Palestinians set Jan. 9 for election (Agencies) Updated: 2004-11-14 23:53
Palestinians set Jan. 9 as the date for presidential elections to replace
Yasser Arafat on Sunday while the United States hinted it may be ready to resume
Middle East peacemaking.
"There will be free and direct elections to elect the president of the
Palestinian National Authority on Jan. 9, 2005," interim president Rawhi Fattouh
told reporters, but officials insisted Israel pull back from occupied areas.
Israeli Foreign Minister Silvan Shalom left on Saturday for the United States
where he and Secretary of State Colin Powell will discuss the "new
situation in the region," Israeli officials said.
Arafat's death on Thursday left power in the hands of veteran deputies
without his popular credibility. They want to hold elections within the 60 days
set by law to prevent a breakdown in order and revive peace moves with Israel.
The flux in the Palestinian leadership together with US President Bush's
re-election have bolstered peace hopes just as Israel has taken its first steps
to pull Jewish settlers out of Gaza, home to 1.3 million Palestinians.
During his first term in office Bush sidelined Arafat and came under
criticism across the globe for not pushing Israelis and Palestinians toward
peace.
Powell said on Saturday he hoped to meet Palestinian leaders "in the very
near future" as part of a fresh push for peace and a U.S. official said that
could be at a Nov. 22-23 conference in Egypt or at some other time in the
Palestinian territories.
Nominations
Speaking at the half-demolished Muqata compound where Arafat spent his final
years confined by Israel and where he was buried on Friday, Fattouh said the
period for nominating candidates would begin on November 20 and run for 12 days.

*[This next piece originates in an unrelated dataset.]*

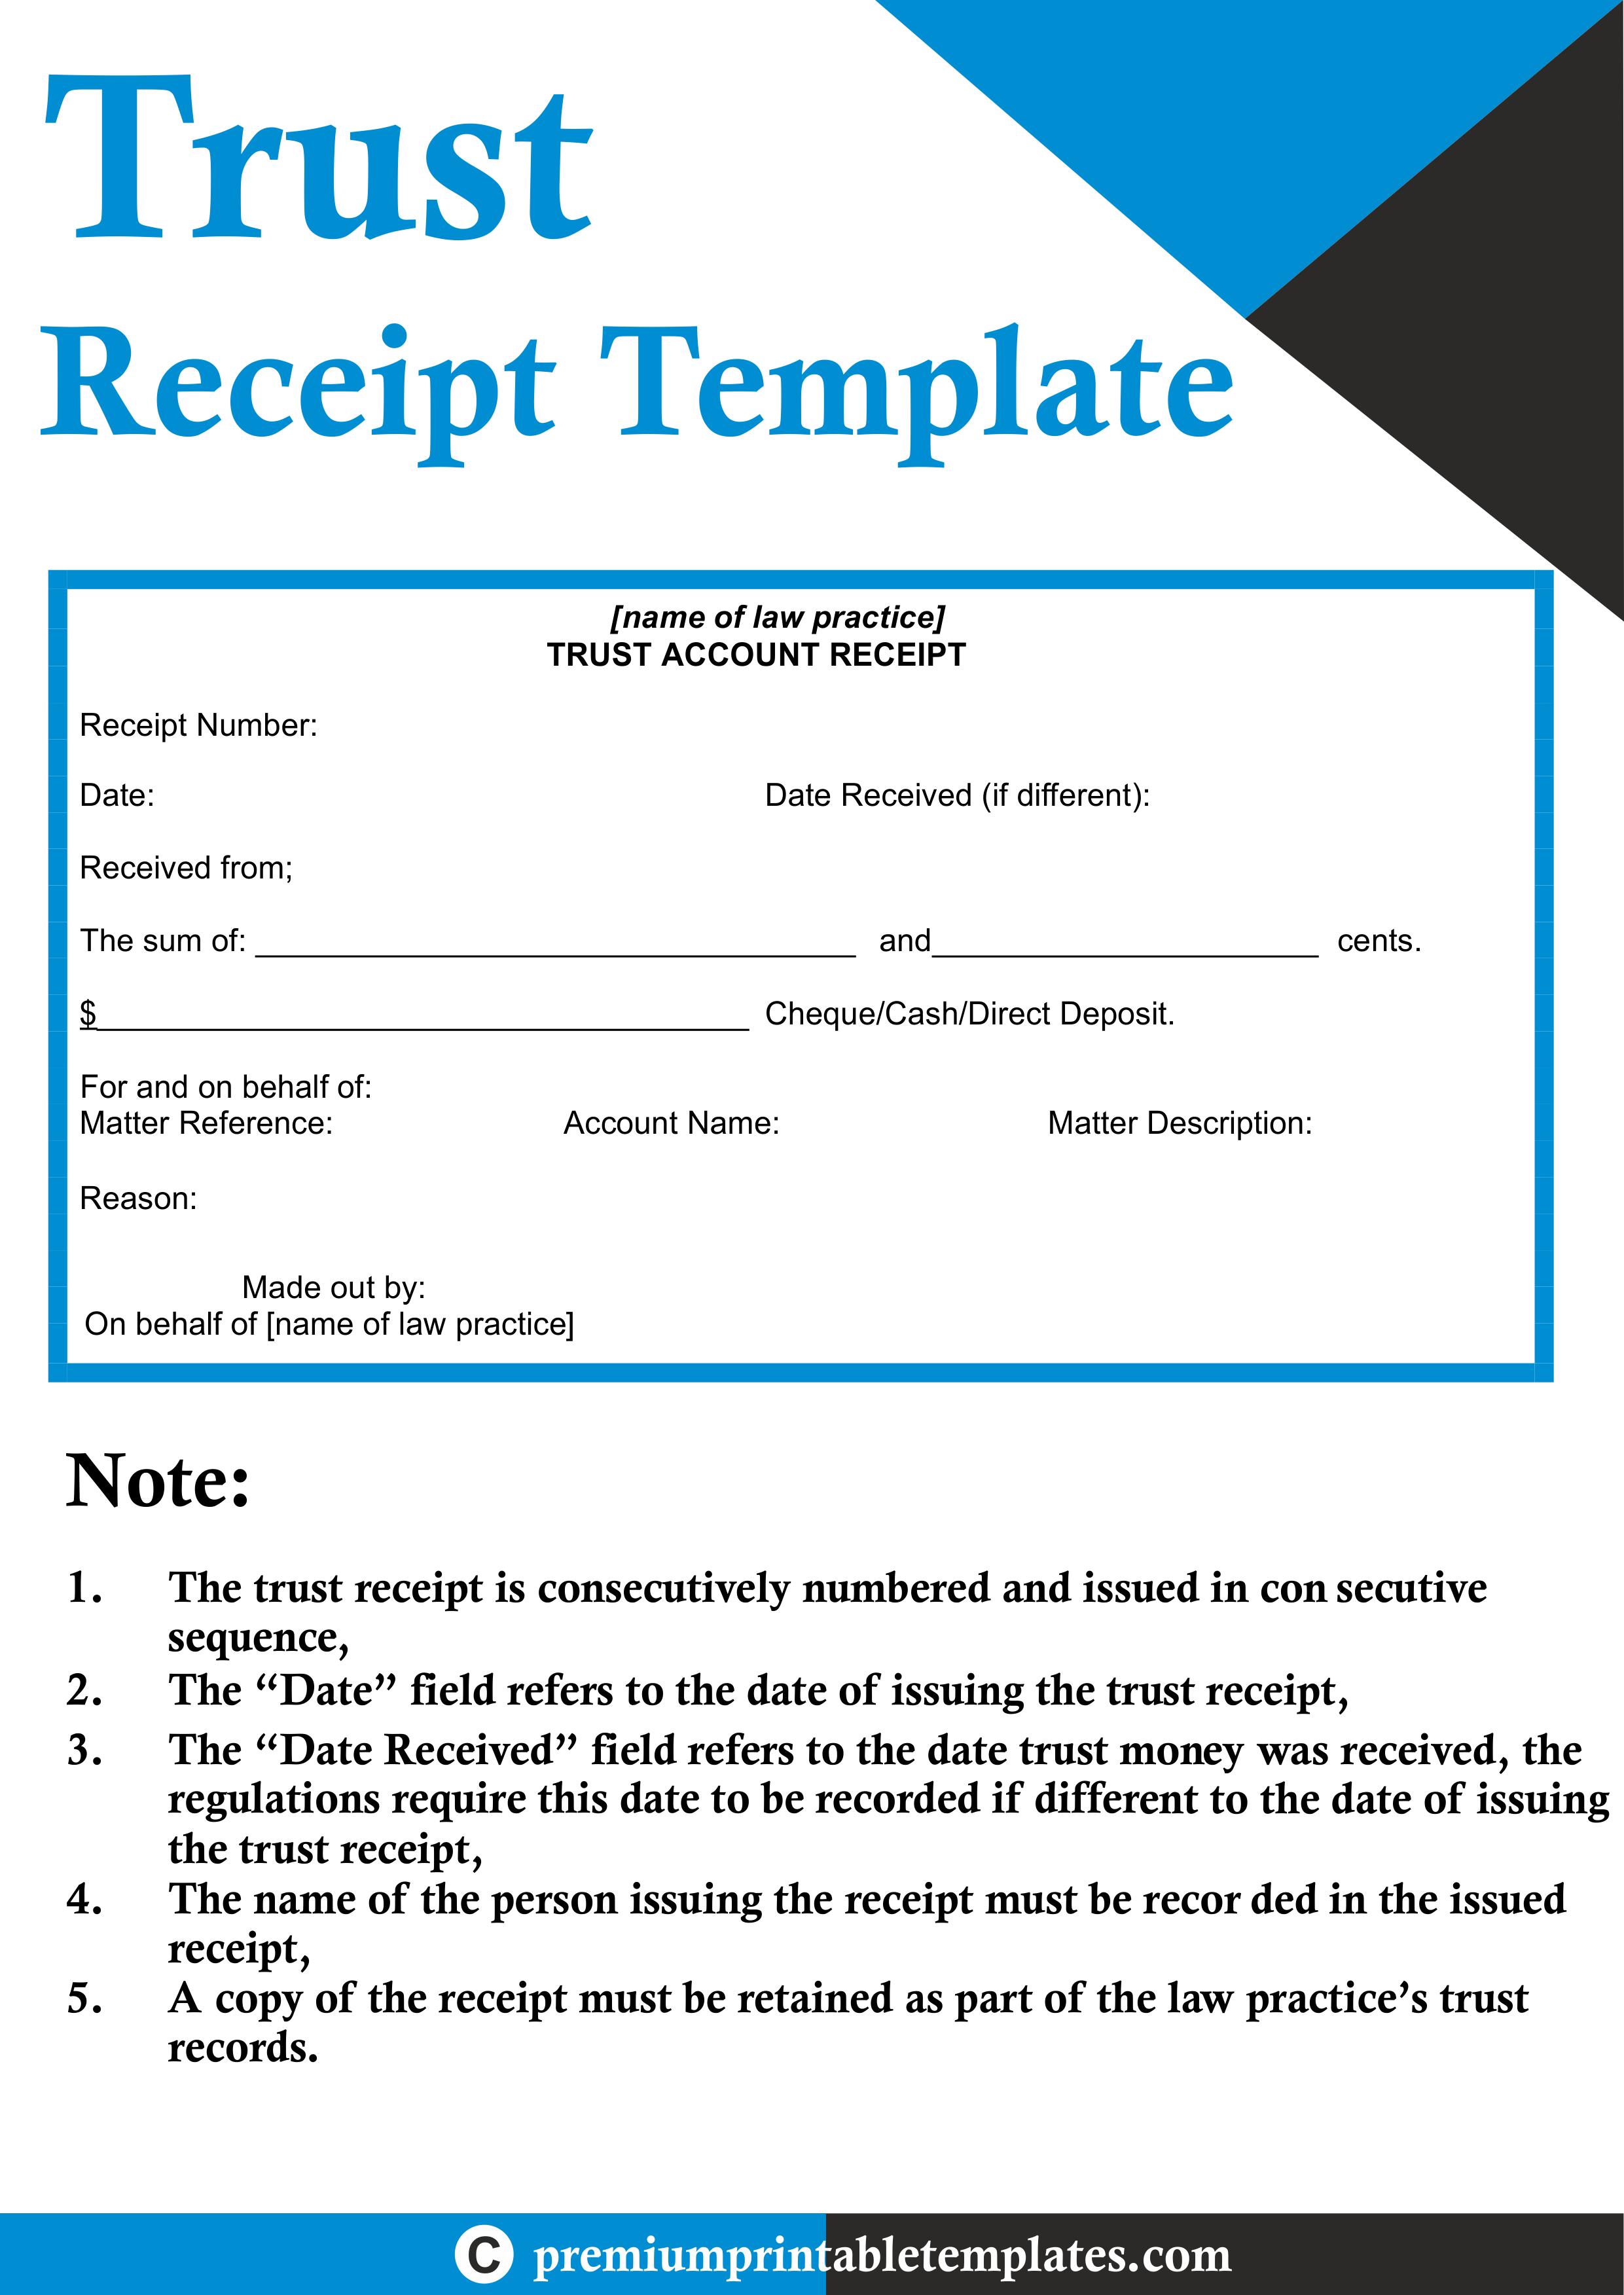 Trust Receipt Template Pack Of 5 Premium Printable Templates Receipt Template Template Printable Templates

But senior Palestinian minister Saeb Erekat said: "If the Israelis continue
to obstruct voting in East Jerusalem or keep their army inside our areas (of
self-rule enshrined by 1990s interim peace deals), I don't think we can hold
elections."
Powell said on Saturday Washington wanted Israel to allow Palestinians in
occupied areas to move freely to enable a smooth vote for Arafat's successor.
"So much of this will depend on President Bush getting the Israeli government
to comply on creating conditions for elections," Erekat told Reuters.
Palestinians claim East Jerusalem as the capital of a state they want on land
Israel took in the 1967 Middle East war. Israel shut Palestinian voter
registration offices there in September, as it deems all of Jerusalem its
indivisible capital.
But political sources close to Israeli Prime Minister Ariel Sharon said
on Sunday he would likely relent on Palestinian voting in East Jerusalem if
pressed by Washington. Palestinians there voted in presidential and legislative
elections in 1996.
DOUBTS There are doubts whether any in the old Palestinian guard could win a
majority among a severely factionalized electorate.
Arafat's moderate successor as Palestine Liberation Organization chief,
Mahmoud Abbas, 69, is the early frontrunner for the nomination of the mainstream
Fatah national movement.
But only one man in Fatah, 45-year-old charismatic firebrand Marwan
Barghouthi, boasts broad appeal and he is serving a life prison term in Israel
for orchestrating suicide bombings, a charge he denies.
His lawyer said Barghouthi might run from his cell, though some questioned
whether he would challenge Abbas. There would also be resistance from Israel to
his candidacy.
Sharon brushed aside speculation Barghouthi might be
pardoned. "Contrary to what I hear in the media on the matter, we never release
terrorists who committed murder inside Israel," he told his cabinet on Sunday.